ONCE thalassemia was seen as a problem of Mediterranean populations. However, today the disease is largely a problem of developing countries. It remains the most common inherited disorder in Pakistan with a carrier prevalence of four to six per cent.

PROBLEMS IN DEVELOPING COUNTRIES: Who figures suggest that each year approximately 60,000 to 70,000 cases of B-thalassemia major or Haemoglobin E and B-thalassemia are born worldwide, most of them in Asia. For our country the figure is about 6,000-8,000 births a year. Some 50,000-100,000 thalassemia major cases are present at a given time.

Like many other disorders, thalassemia has emerged as a public health problem in developing countries that have many things in common: mega-population, weak economy, political instability, regional conflicts, high level of poverty and illiteracy have compounded the health problems. Primary healthcare exists but is largely ineffective.

But without improving the socio-economic status of the countries it is unlikely that any national eradication programme could be implemented successfully. Under such circumstances healthcare personnel, and the community in particular can play a very significant role in combating thalassemia in resource constrained countries.

IS PREVENTION POSSIBLE?: Thalassemia is a disorder from which prevention is easy, permanent and inexpensive. Anyone who is once tested and found negative for the gene (carrier status) is sure to remain so throughout life. So it is important to identify the carriers and provide them with effective genetic counselling to minimize the propagation of the disorder. Also pre-natal diagnosis has made it possible to identify thalassemia major babies at about 10th week of pregnancy and to terminate the pregnancy if fetus is found to have thalassemia major.

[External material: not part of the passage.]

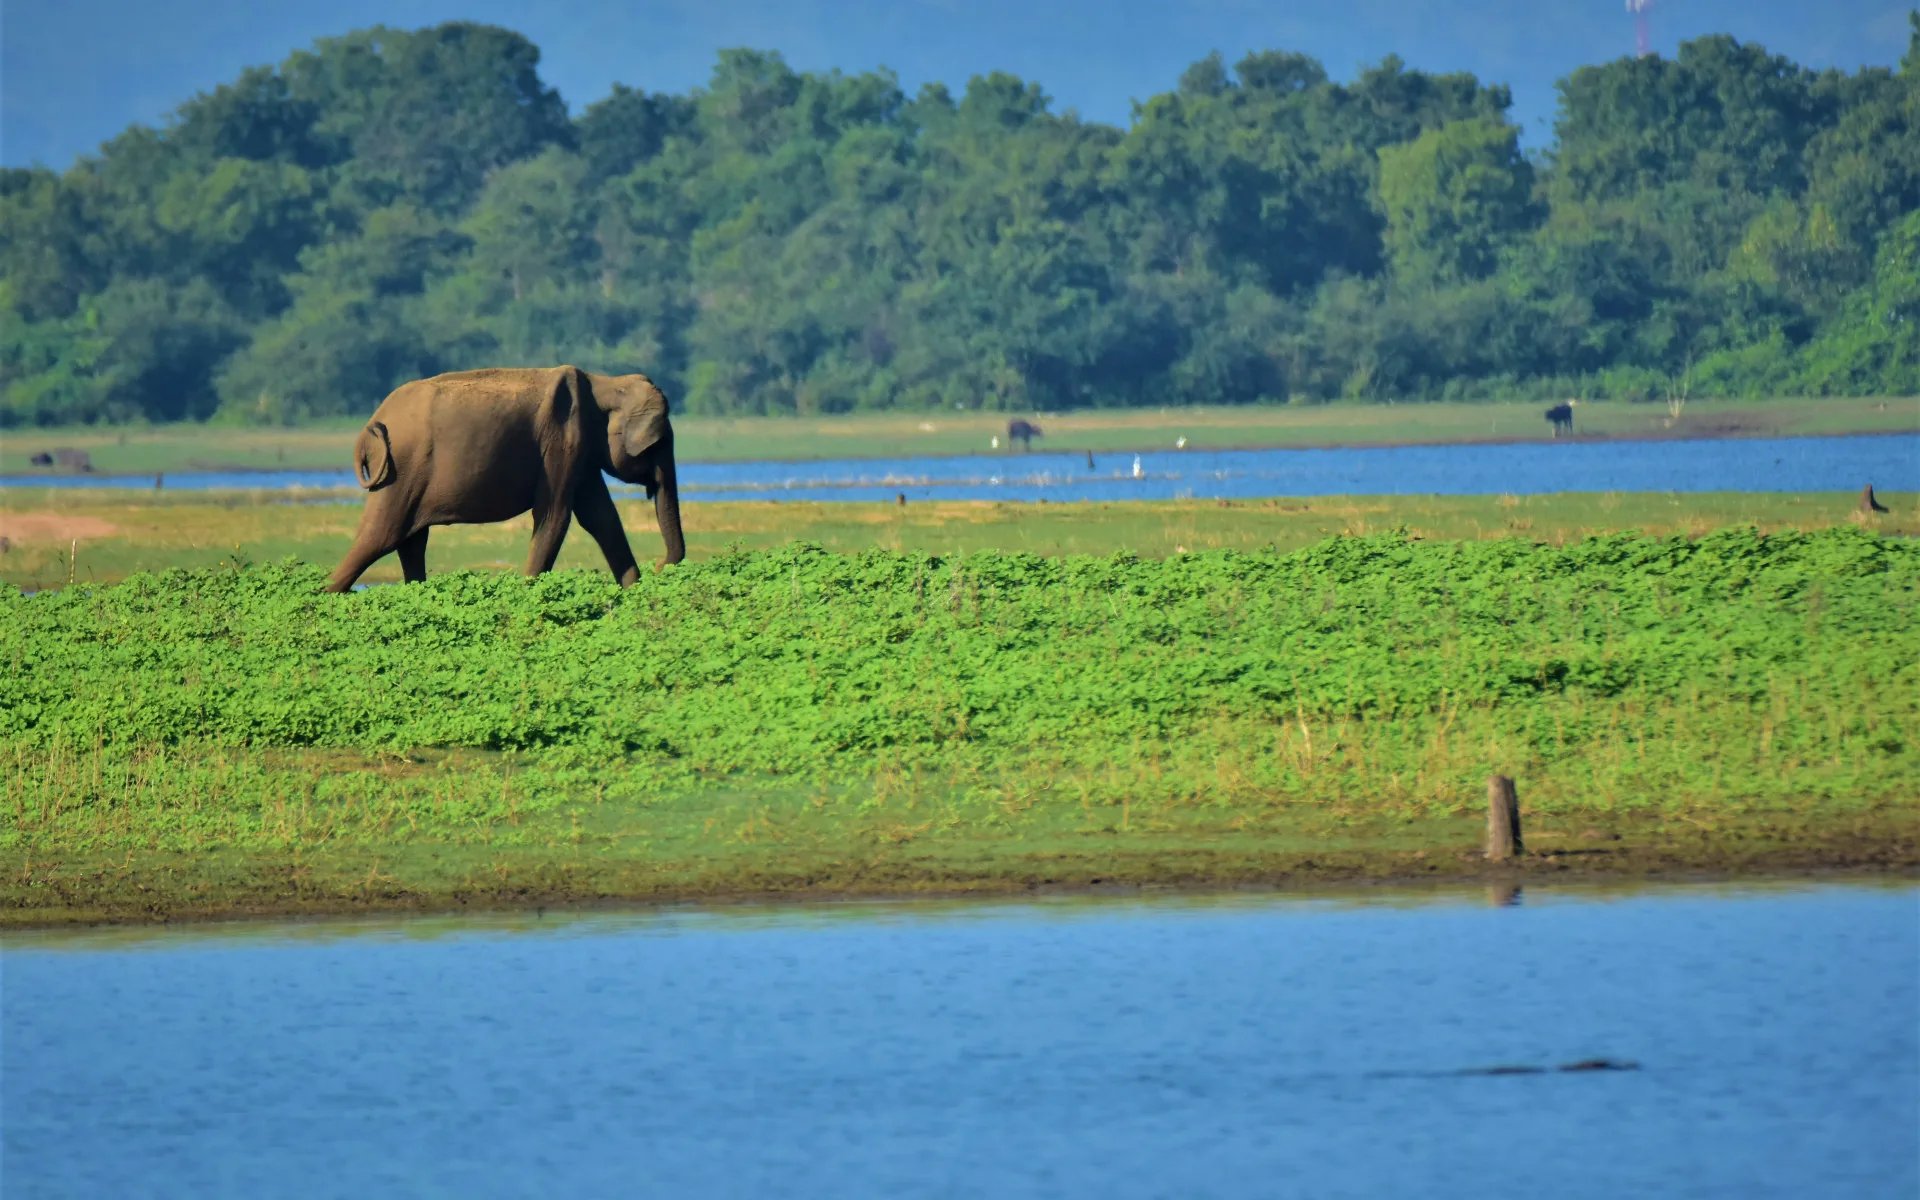 A large elephant is walking across a lush green field.

INHERITANCE: The major disease, in greater than 99 per cent of the cases is seen, when mother and father, both, have thalassemia minor (carriers). Carrier couples have one in four and two in four chance, in every pregnancy, of having a child with major and minor thalassemia, respectively. If one of the parents is carrier, there is 50 per cent chance of having a thalassemia minor baby in each pregnancy.

The disease, therefore runs in families and “brotheries”, as cousin marriages are common in our part of the world and the fact that carriers remain unidentified because of asymptomatic nature of thalassemia minor.

TREATMENT COST: The only cure for thalassemia major is blood and marrow transplantation (BMT) with a success rate of 60-90 per cent. In Pakistan, the facility is available in two centres only. The cost involved is around $15,000 to $20,000. In India there are 14 transplant centres and cost is about $10,000 for locals.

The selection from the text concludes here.